ÖSTERREICHISCHE POST 2010: UMSATZ AUF VERGLEICHBARER BASIS SOWIE
ERGEBNIS VERBESSERT (EBIT +5,0%) DIVIDENDENVORSCHLAG VON 1,60
EUR/AKTIE

- Umsatz verbessert
- Umsatz auf vergleichbarer Basis um 0,3% über Vorjahresniveau
- Division Brief -0,5%, Paket & Logistik +4,4%
- Ergebnis gesteigert
- EBITDA von 262,1 Mio EUR (Marge von 11,1%)
- EBIT +5,0% auf 156,9 Mio EUR
- Free Cashflow ermöglicht attraktive Dividende
- Free Cash-Flow von 153,6 Mio EUR (2,3 EUR/Aktie)
- Dividendenvorschlag an die Hauptversammlung: 1,60 EUR/Aktie
- Ausblick 2011 mit Wachstumsziel
- Umsatzwachstum 2011 von 1-2% angepeilt
- EBITDA-Marge am oberen Ende der Zielbrandbreite 10-12%

DIE ÖSTERREICHISCHE POST IM ÜBERBLICK Das Jahr 2010 ist für
Österreichische Post sehr zufriedenstellend verlaufen. Das zeigt sich
einerseits an der Entwicklung der Kennzahlen, andererseits aber auch
daran, dass die grundlegende Strategie aufgegangen ist. Die
tendenziell rückläufigen Volumina an adressierten Briefen konnten
durch zusätzliche Erlöse - vor allem aus dem Paket- und
Logistikgeschäft - mehr als kompensiert werden. Mit einer Steigerung
des Umsatzes um 0,3% auf 2.351,1 Mio EUR - auf vergleichbare Basis
bereinigt um die geänderte Verrechnung von Prepaid- Telefonwertkarten
- ist das Geschäft der Österreichischen Post 2010 früher auf den
Wachstumspfad eingeschwenkt als vorhergesehen.
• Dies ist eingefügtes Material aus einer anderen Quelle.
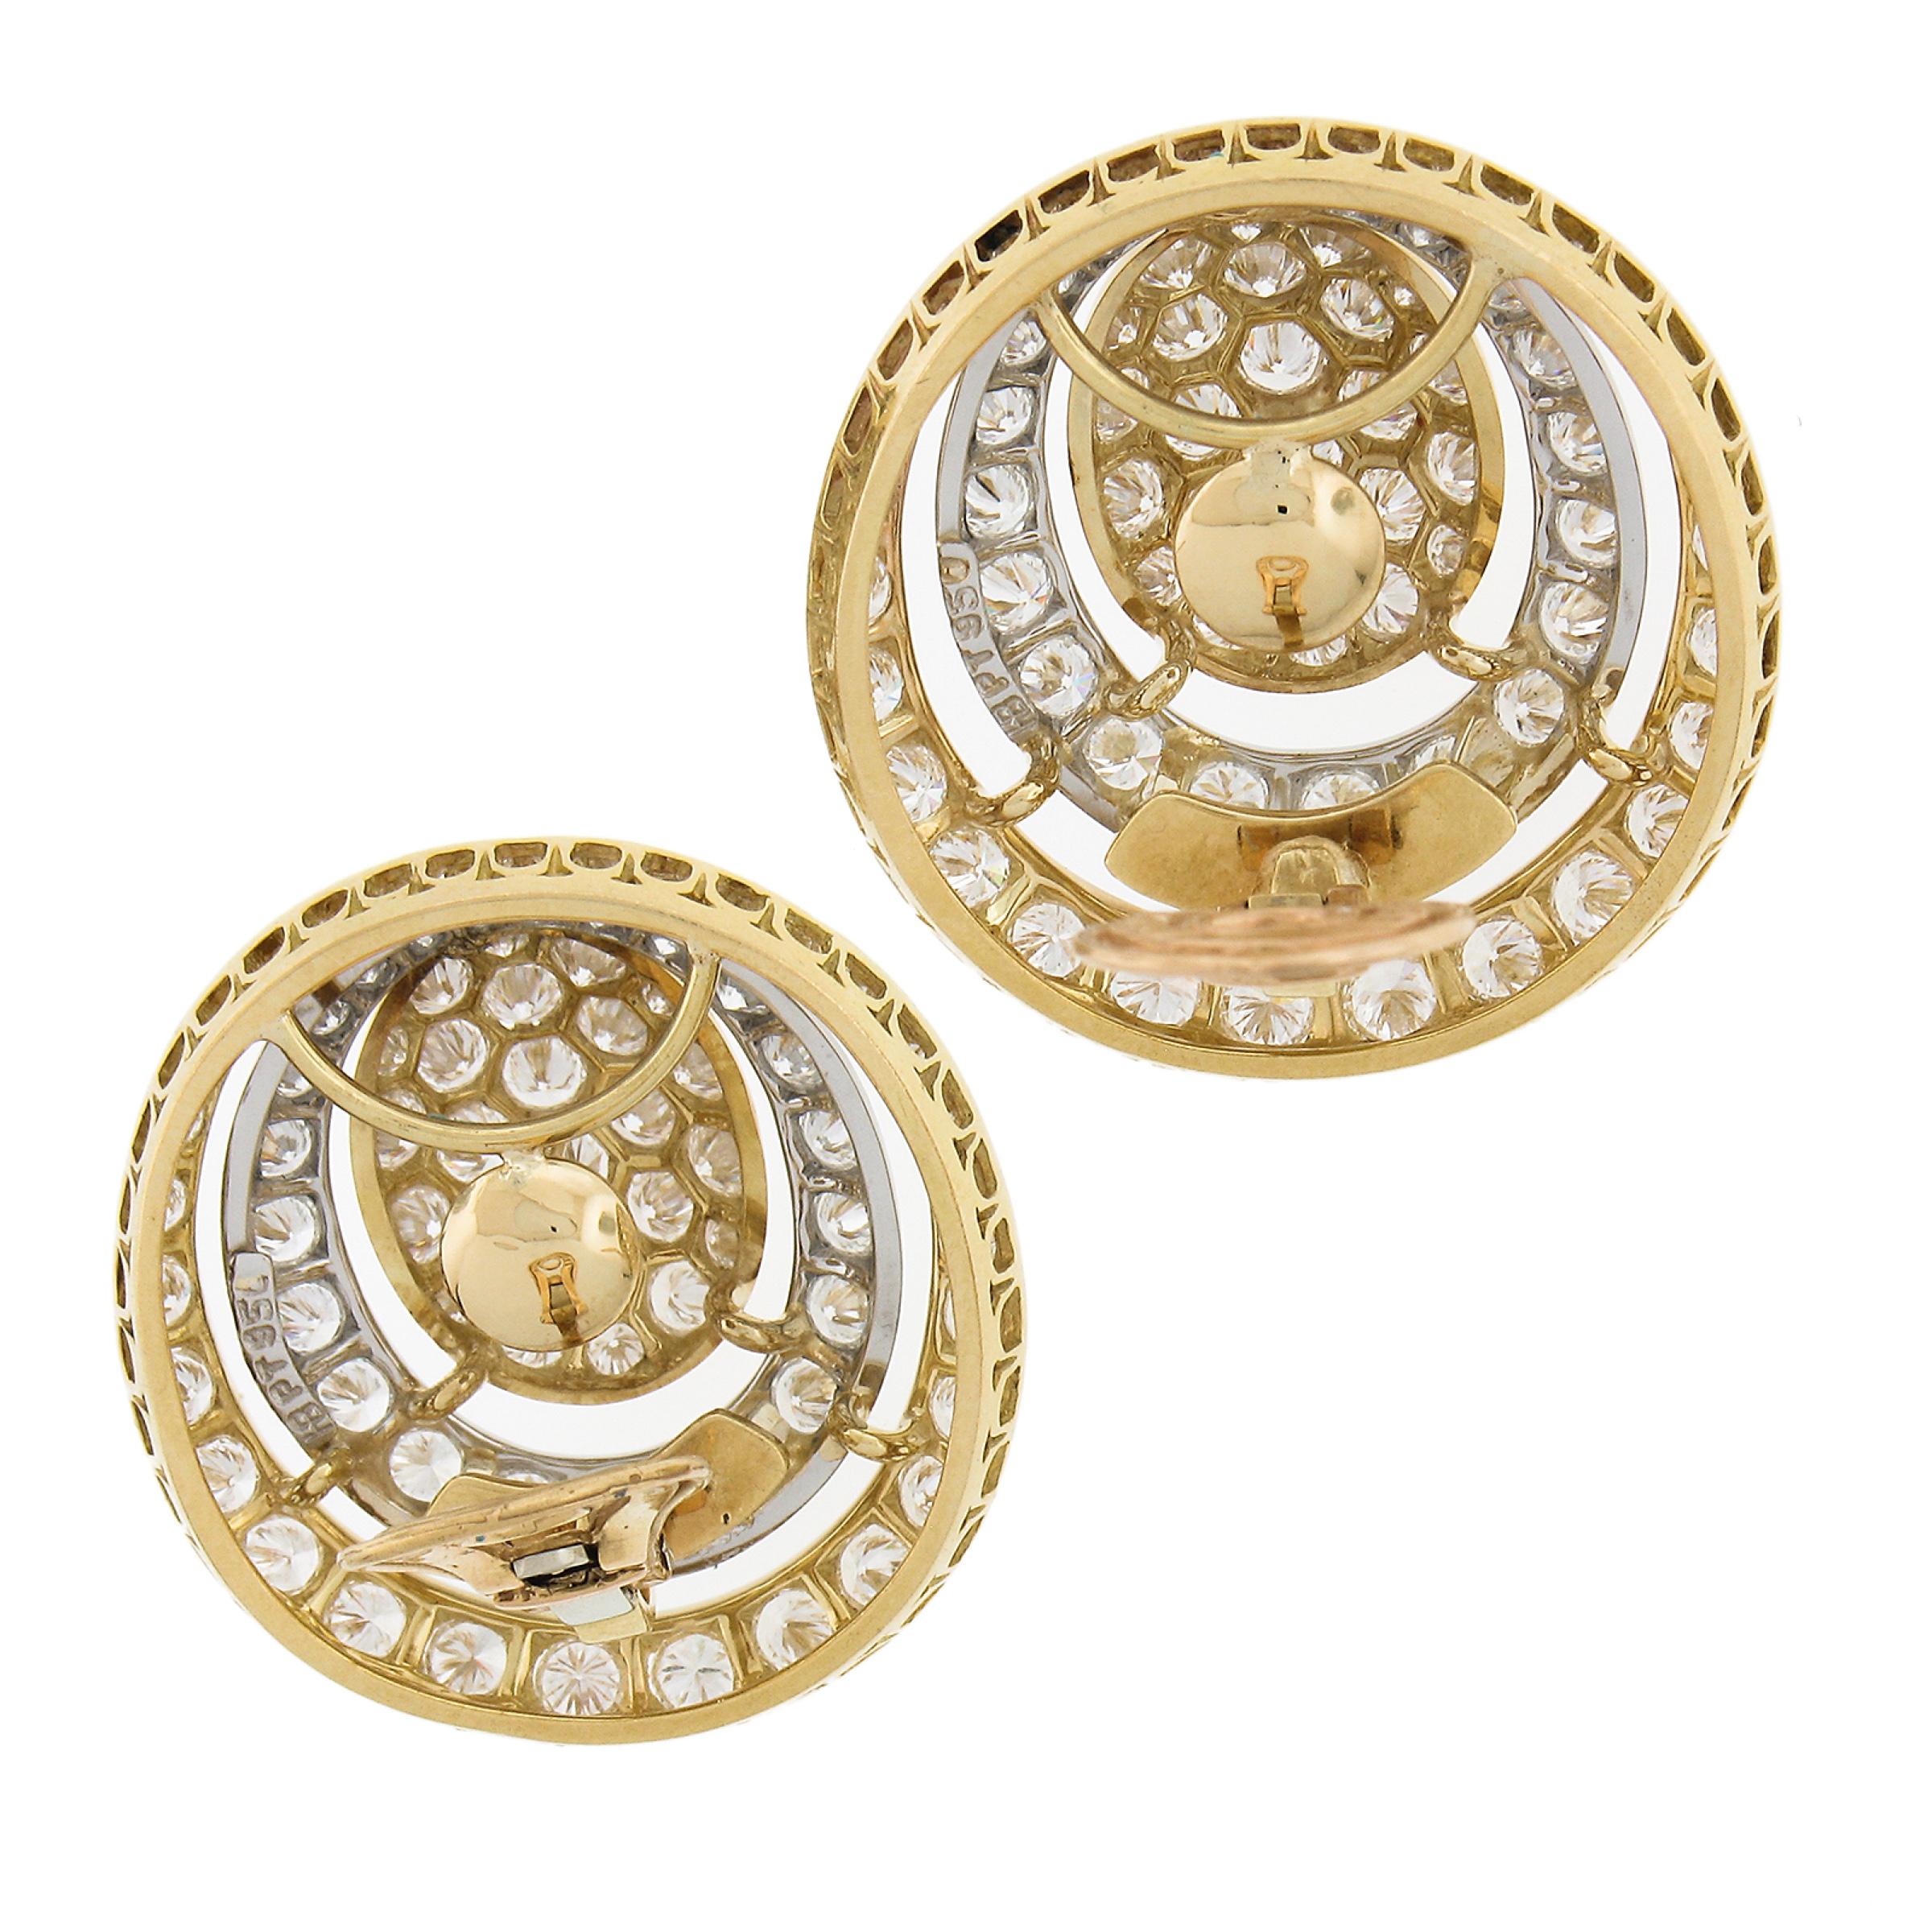 Hammerman Bros 18k Gold & Platinum 12.90ctw Diamond Large Open Circles Earrings 1
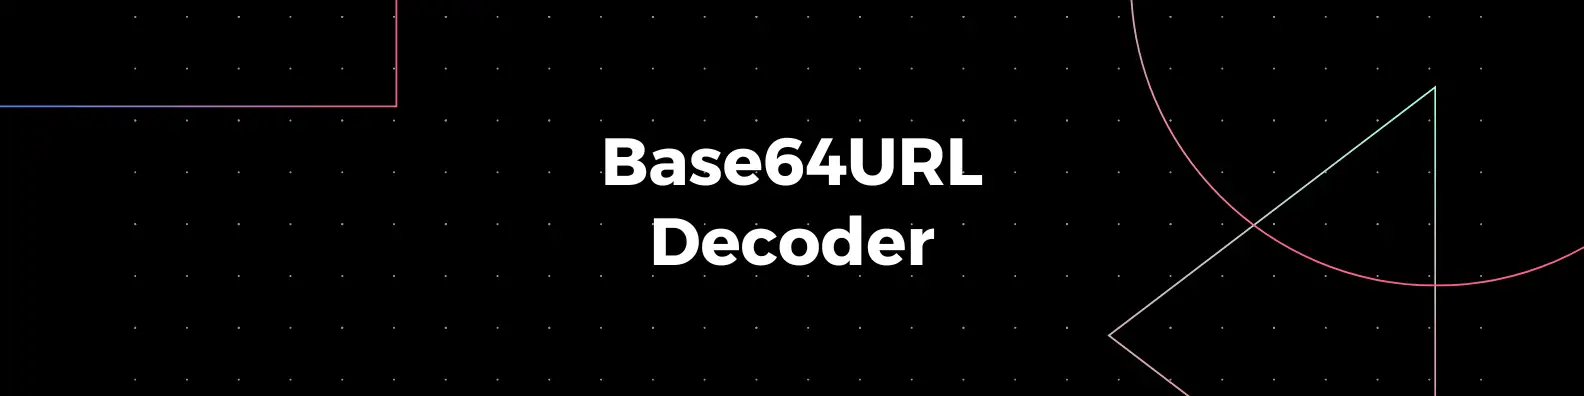 Online Base64URL Decoder: Convert Base64URL to Text or File

Der Umsatz der Division Brief verzeichnete 2010 einen Rückgang von
lediglich 0,5%. Der Trend der elektronischen Substitution von Briefen
sowie der Rückgang bei hochwertigen Briefsendungen hielten an.
Intensive Anstrengungen zur Kundengewinnung, aber auch Sondereffekte
durch zahlreiche Wahltermine und einen zusätzlichen Arbeitstag im
Jahr 2010 wirkten diesem Trend jedoch ebenso entgegen wie eine
positive Entwicklung bei Werbesendungen.

Positiv zeigte sich das Bild 2010 in der Division Paket & Logistik.
Obwohl die Preissituation angespannt blieb, konnten hier sowohl die
Sendungsvolumina gesteigert als auch neue Kunden gewonnen werden.
Dadurch gelang es einerseits, den Umsatz um insgesamt 4,4%, in
Österreich sogar um 9,6% und in Deutschland auf vergleichbarer Basis
um 8,5% zu steigern, und andererseits mit einem EBIT von 10,5 Mio EUR
nach minus 9,3 Mio EUR in 2009 einen Turnaround zu erzielen. In der
Division Filialnetz spiegelt sich das geänderte Konsumentenverhalten
sowohl im Rückgang des Briefvolumens in den Postfilialen als auch bei
Telekommunikationsprodukten und Bankdienstleistungen wider. Plangemäß
fortgesetzt wurde daher der Umbau des Filialnetzes mit einer
Ausweitung von 1.552 auf 1.850 Standorte und davon bereits 1.117 Post
Partner nach 418 zum Jahresanfang 2010.

Angesichts des externen Drucks auf die Umsatzentwicklung ist die
Disziplin beim Personal- und Sachaufwand des Konzerns von großer
Bedeutung. Durch entsprechende Kostenreduktionen erhöhte sich das
Ergebnis vor Zinsen und Steuern (EBIT) um 5,0% auf 156,9 Mio EUR. Die
Ertragskraft mit einer EBITDA Marge von 11,1%, eine solide Bilanz und
hoher Free Cash Flow ermöglichen auch weiterhin eine attraktive
Dividendenpolitik. Der Vorstand schlägt daher der Hauptversammlung
für 2010 die Zahlung einer Dividende von 1,60 EUR pro Aktie vor (plus
6,7%).

"In Fortsetzung unserer Strategie werden wir auch weiterhin alles
daran setzen, den aus der elektronischen Substitution im Briefbereich
resultierenden Umsatzdruck durch Wachstum in anderen Geschäftsfeldern
zu kompensieren", so Generaldirektor Dr. Georg Pölzl. "In Summe
peilen wir 2011 ein Umsatzwachstum von 1-2% an, und die EBITDA Marge
sollte am oberen Ende unserer Zielbandbreite von 10-12% liegen".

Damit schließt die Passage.